It always bewildered me about english language that every creation is called “art”. In Polish art is “sztuka” which word have quite many meanings, but the most relevant is “a field of artistic activity distinguished by the aesthetic values it represents”, of which common understanding is that it have to actually represent some aesthetic values. This of course cause unending discussions about what is art and the subjectivity of it to the point of the adage “art is in the eye of beholder” became universally accepted.
I like to bring up the example of Hawaiian Hula dance for that kind of reason. It’s a case where a kind of “art” is inseparable from culture, heritage, passing down stories. Which is a lot different than simply doing what you feel like as art, as a form of “self expression.” Not that I’m judging “self expression” point of view as bad, but just adding to the notion that what is considered art and the associated importance of it, is not always the same across cultures.
Damn. What happened here? I think this is the most divisive topic I think I’ve seen on Lemmygrad.

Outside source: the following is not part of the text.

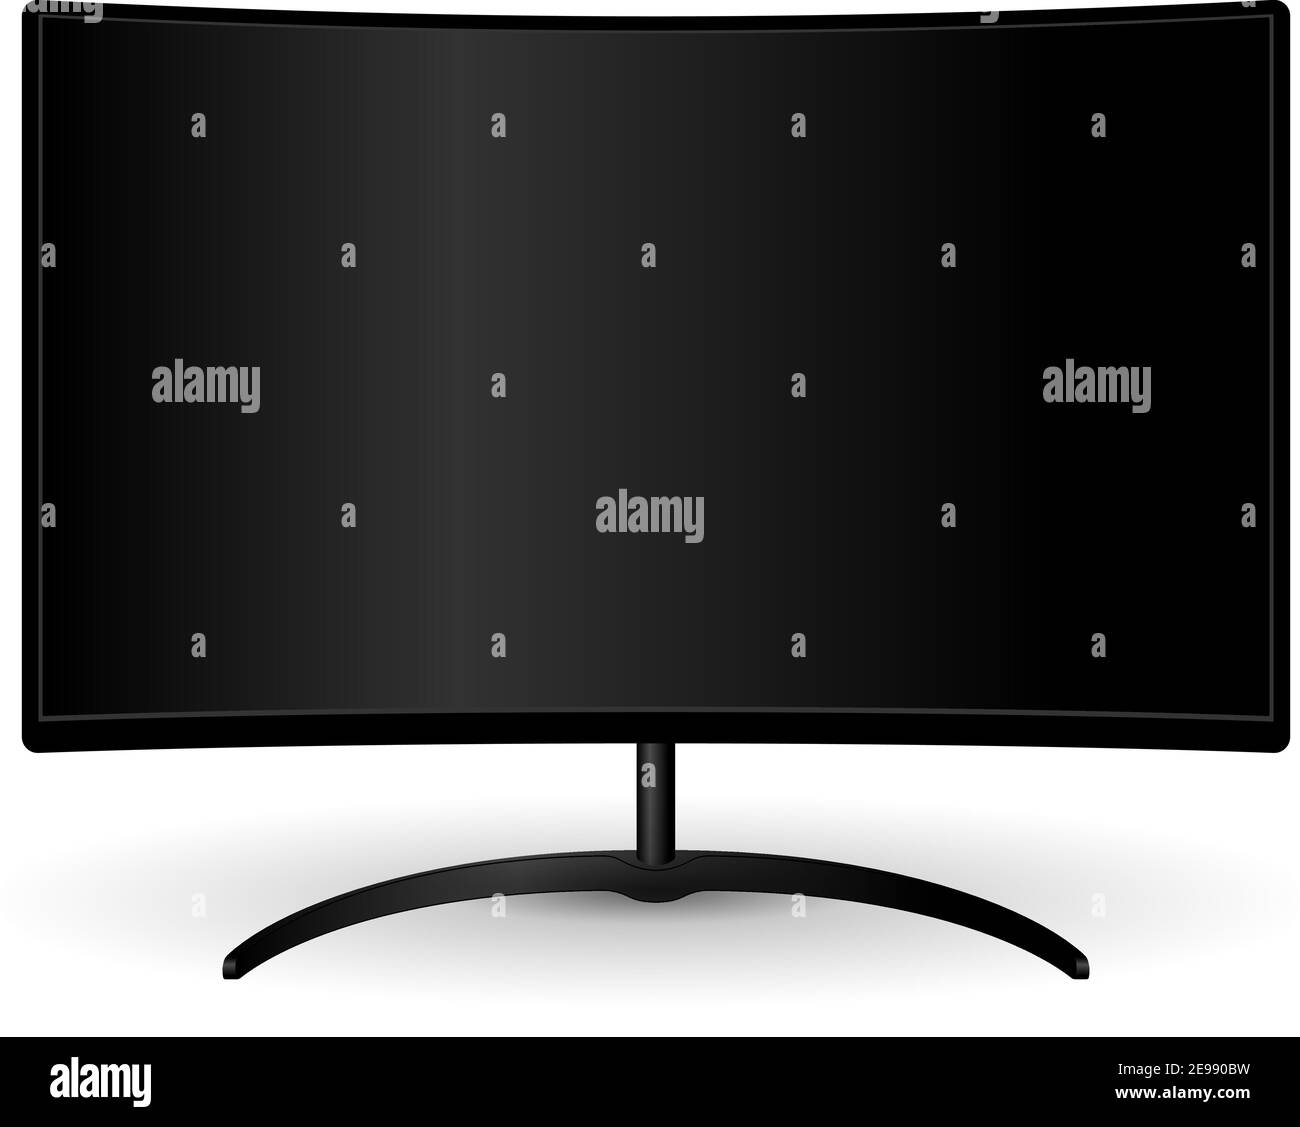 Schwarzer Full hd-fernseher mit geschwungenem Breitbild. Elektronisches LED-Anzeigegerät für die Web-Präsentation. HQ Vektorgrafik für Werbung. Blan Stock Vektor

To everyone reading this, please comment and downvote me if you would consider yourself “pro” AI art (art specifically, not LLMs in general) and comment and upvote me if you’re anti-AI art.
Please comment letting me know whether you upvoted or downvoted, and whether you create art yourself(doesn’t need to be professional, just as a hobby is fine) or if you actively work with artists, or even if you’ve ever had an interest in creating art, but ended up never really pursuing it as a hobby.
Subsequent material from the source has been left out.